Oil Companies, Russian Budget Yield $43bn from OPEC Deal: Energy Minister

Russian oil companies and the state budget have gained around $43 billion so far thanks to a deal with OPEC to cut oil production, Russian Energy Minister Alexander Novak said on Tuesday, according to RIA news agency.

The statement comes at a time when it seems OPEC and its allies have almost achieved their goal of clearing an oil glut. However, according to the International Energy Agency, their efforts could be derailed by rising supplies from the U.S. and other rivals.

Oil stockpiles in developed nations fell the most in more than six years in December as supply cuts by OPEC and Russia took effect, Bloomberg reported. The surplus is also being cleared by higher consumption, with the agency boosting its forecast for global demand growth in 2018 by about 100,000 barrels a day to 1.4 million a day.

Still, as the increase in prices to a three-year high stimulates more supply from America, OPEC’s strategy could be backfiring, IEA says. U.S. output will soon surpass that of the cartel’s biggest producer, Saudi Arabia, and may overtake Russia as a global leader by the end of the year.

“With the surplus having shrunk so dramatically, the success of the output agreement might be close to hand,” said the Paris-based agency, which advises most of the world’s major economies. Nevertheless, the “main message” remains that “fast-rising production in non-OPEC countries, led by the U.S., is likely to grow more than demand.”

Once fierce market rivals, OPEC and Russia forged an alliance in late 2016 to offset the oil glut unleashed by the advent of the U.S. shale industry. After a year of output cuts, stockpiles in industrialized nations have shrunk to the lowest since November 2014. They were about 52 million barrels above the five-year average in December, a drop of 80 percent from a year earlier, the IEA said.

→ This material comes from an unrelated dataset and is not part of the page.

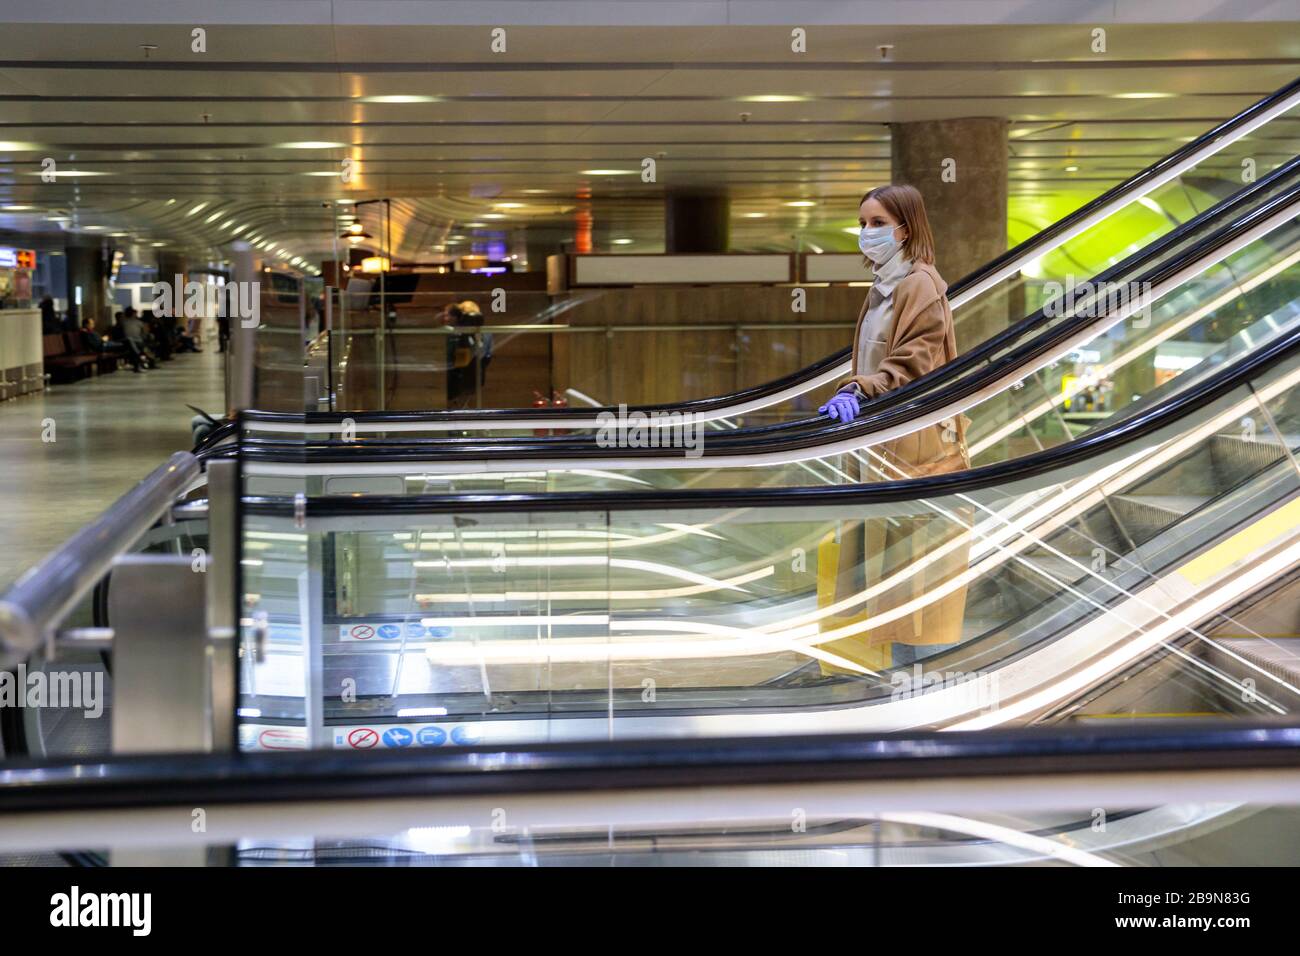 Frau mit gelbem Gepäck steht auf Rolltreppe, hält Rolltreppen-Handlauf im Flughafenterminal durch Latexhandschuhe, um sich vor Kontakt mit w zu schützen Stockfoto

OPEC’s implementation of pledged cuts was its strongest since the deal came into force, with the group reducing output by 37 percent more than it promised, according to the IEA.

The agency said global inventories may stop falling in the early part of this year with the onset of new supplies. Having cut costs during a three-year market slump, U.S. shale companies are able to deliver even more oil as recovering prices fund new drilling, the report noted. The nation’s output could climb enough this year to satisfy the expected increase in global consumption, according to the IEA.